EXERCISE PROMPT
Give back every line of the material exactly. Skip the pictures.

INFORMATION PROVIDED
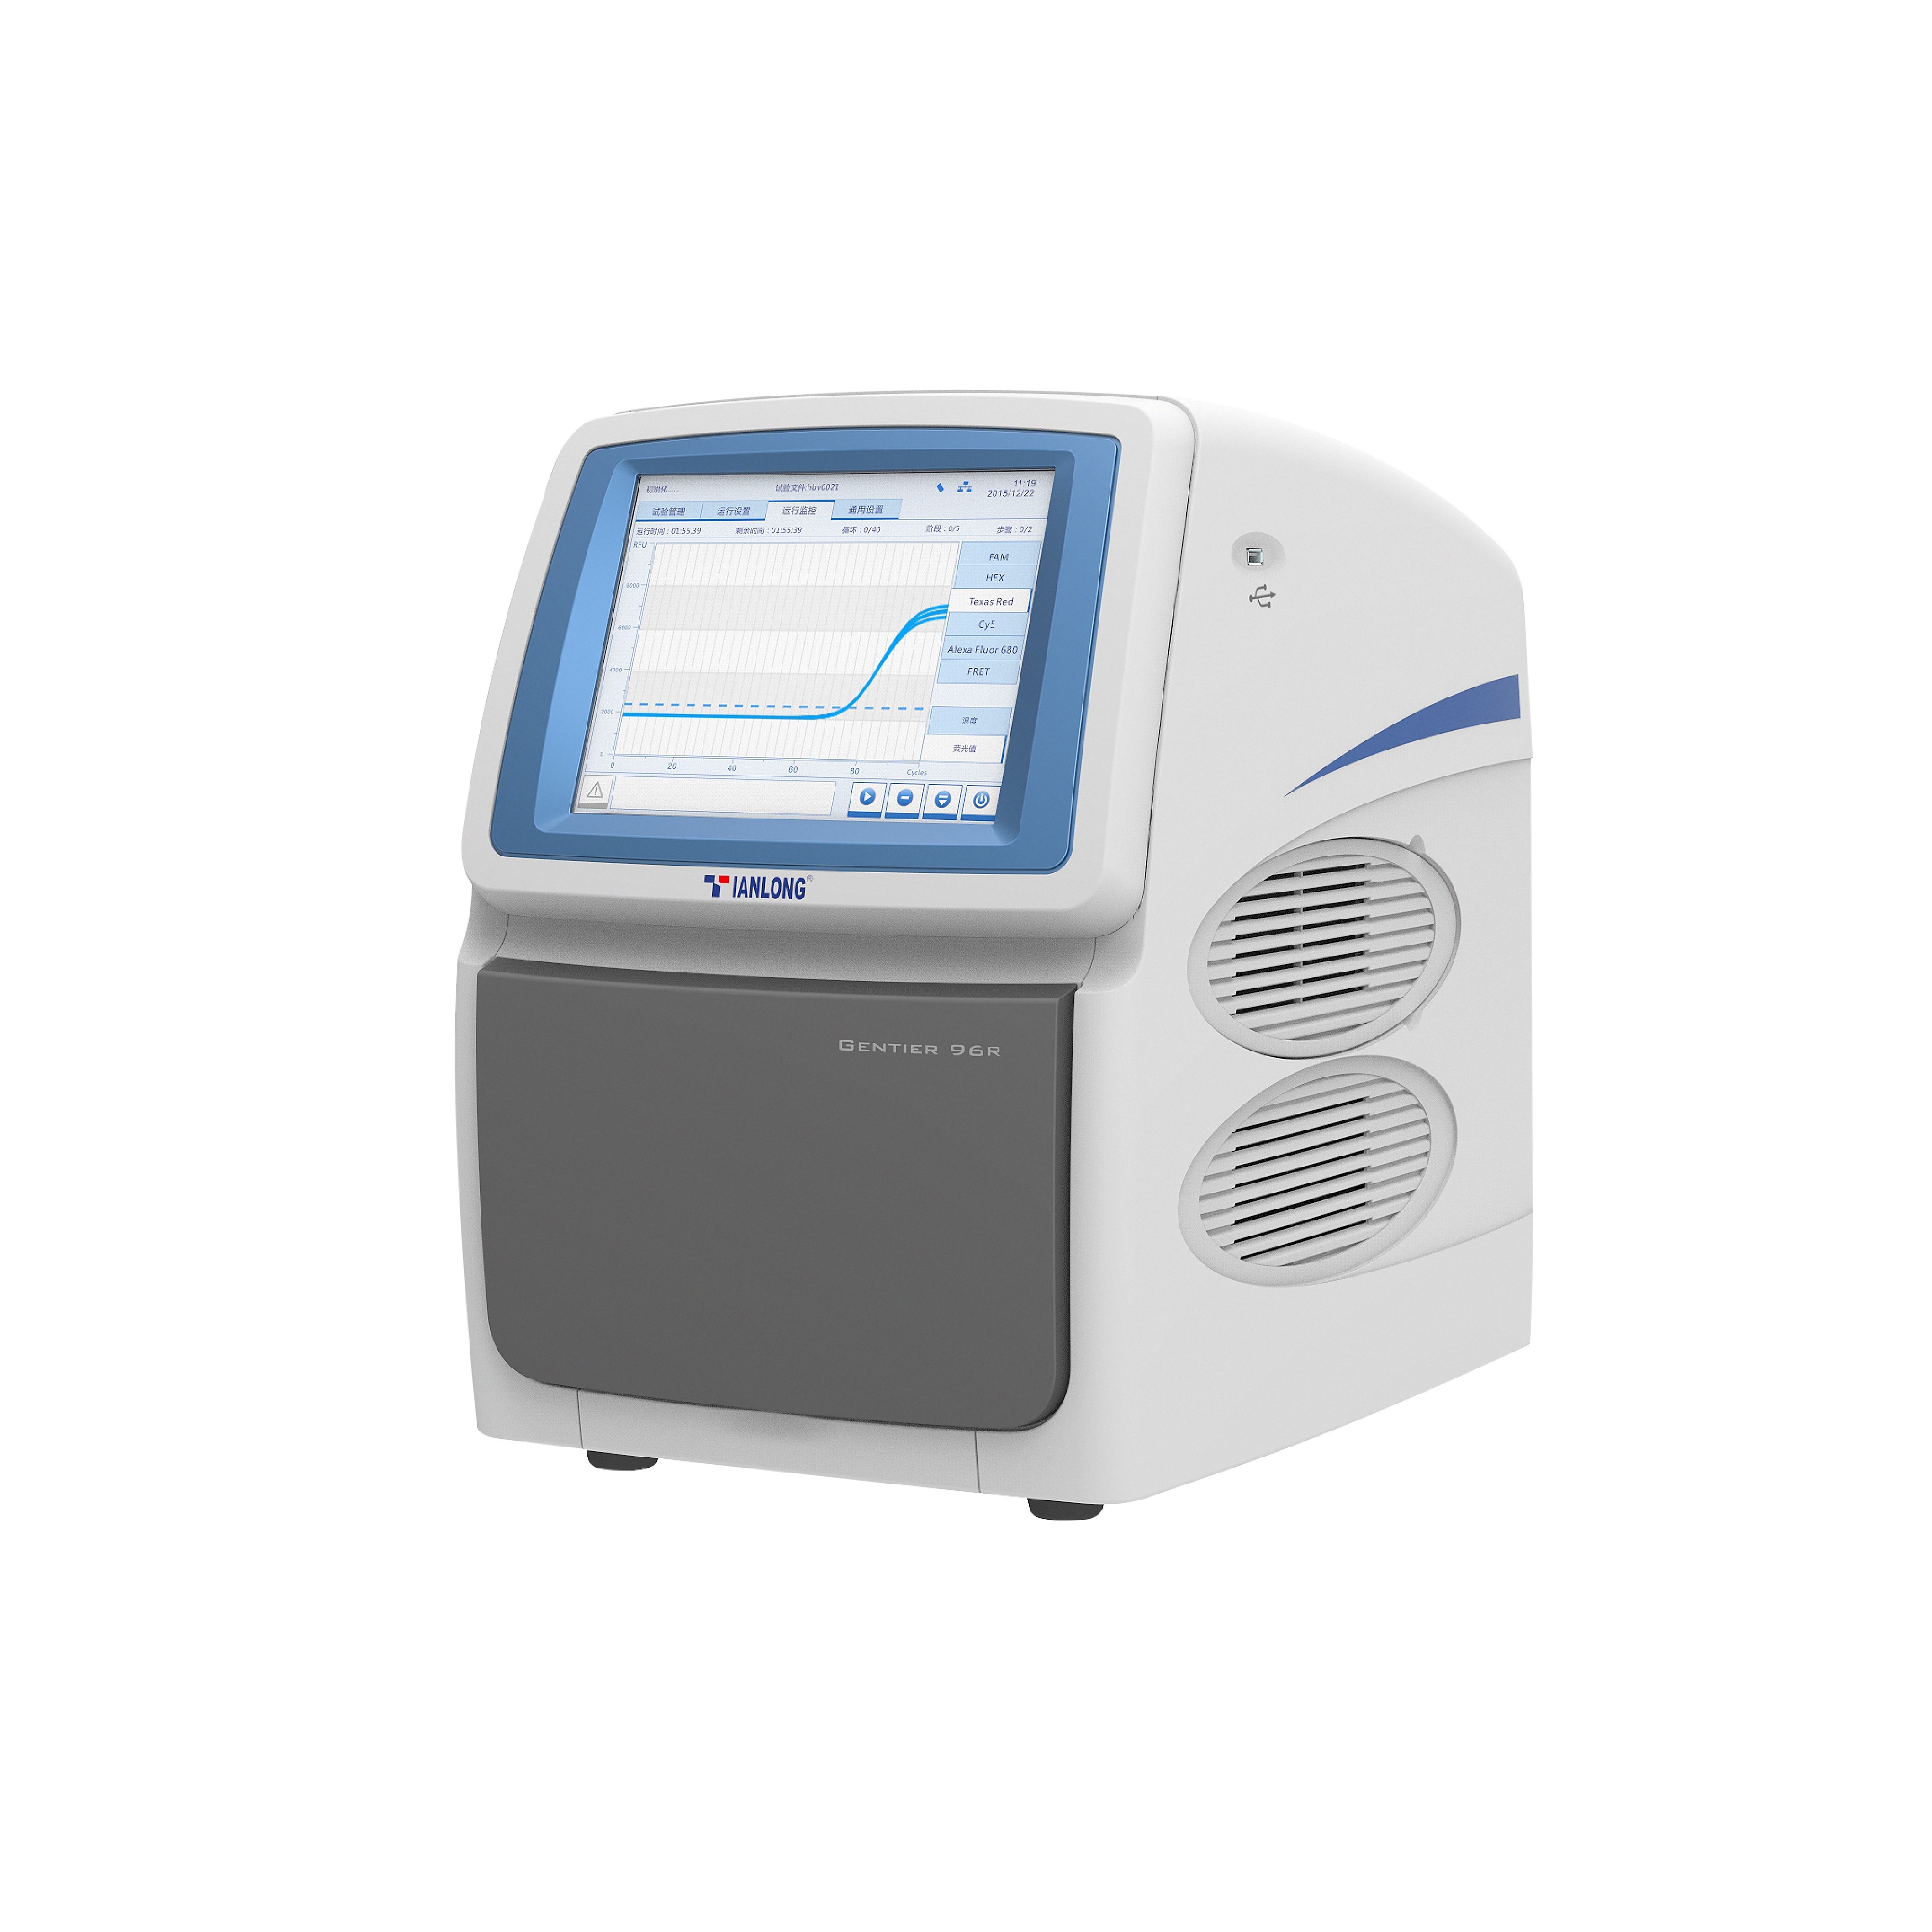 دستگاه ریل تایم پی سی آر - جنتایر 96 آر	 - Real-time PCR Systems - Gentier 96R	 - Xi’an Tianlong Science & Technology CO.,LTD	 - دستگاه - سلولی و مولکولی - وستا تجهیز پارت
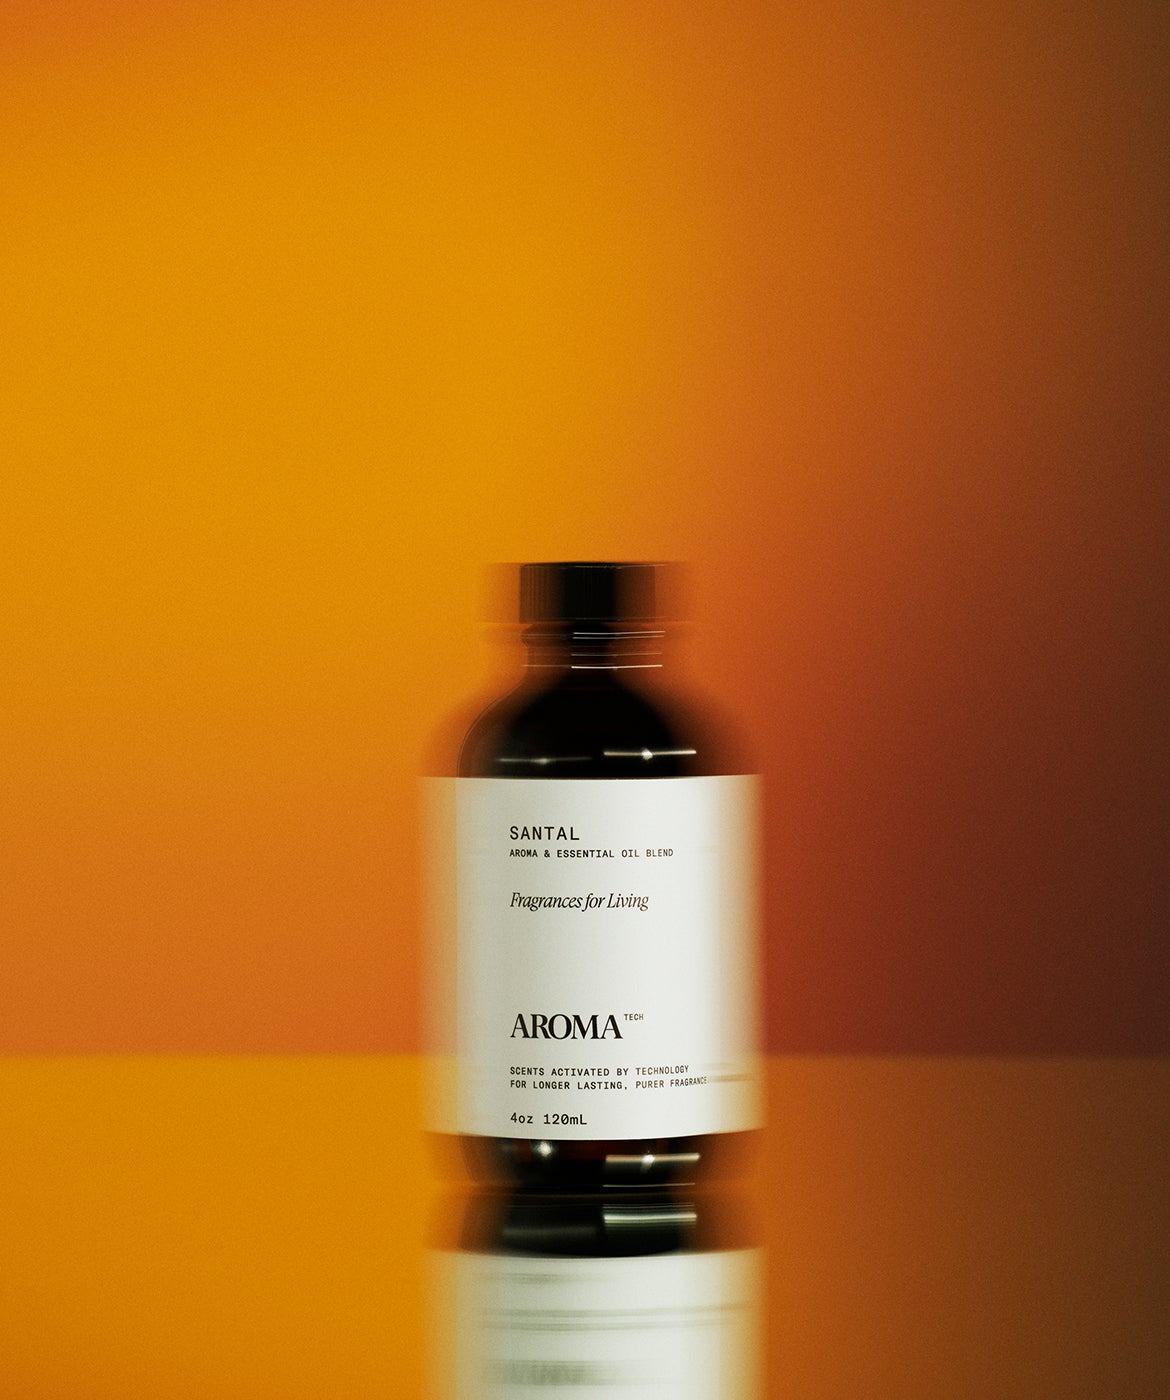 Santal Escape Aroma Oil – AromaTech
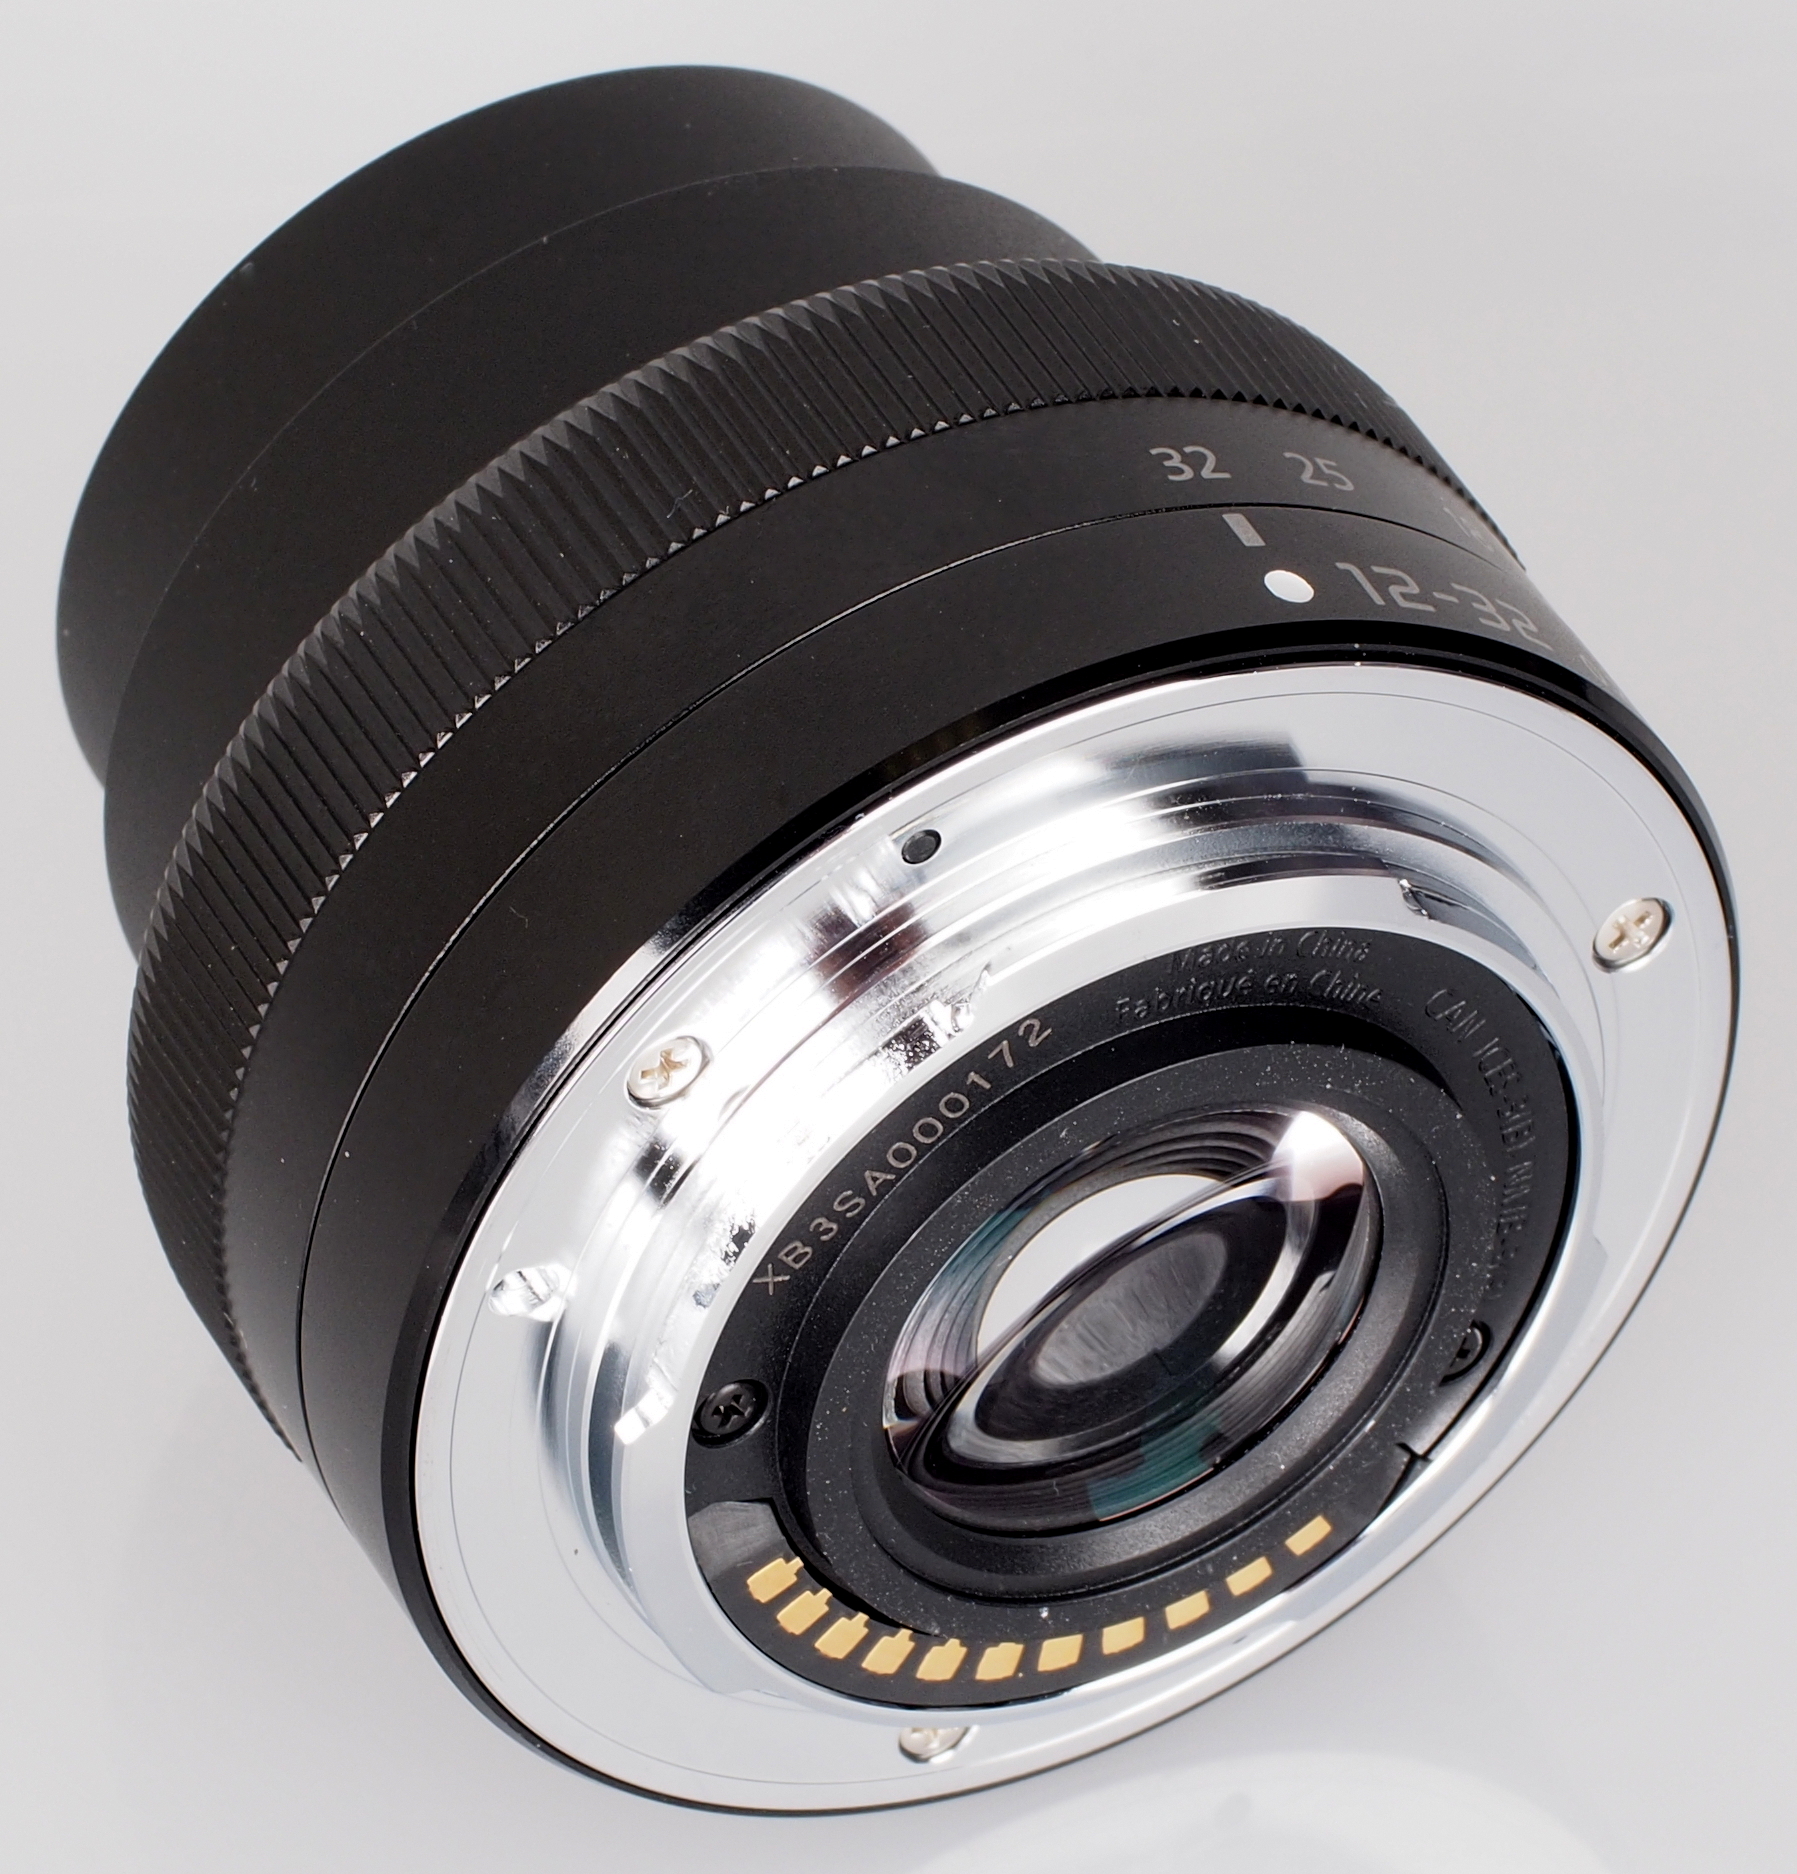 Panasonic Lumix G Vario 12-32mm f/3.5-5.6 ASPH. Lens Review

RESULT OF THE TASK
 دستگاه ریل تایم پی سی آر - جنتایر 96 آر	 - Real-time PCR Systems - Gentier 96R	 - Xi’an Tianlong Science & Technology CO.,LTD	 - دستگاه - سلولی و مولکولی - وستا تجهیز پارت
 Santal Escape Aroma Oil – AromaTech
 Panasonic Lumix G Vario 12-32mm f/3.5-5.6 ASPH. Lens Review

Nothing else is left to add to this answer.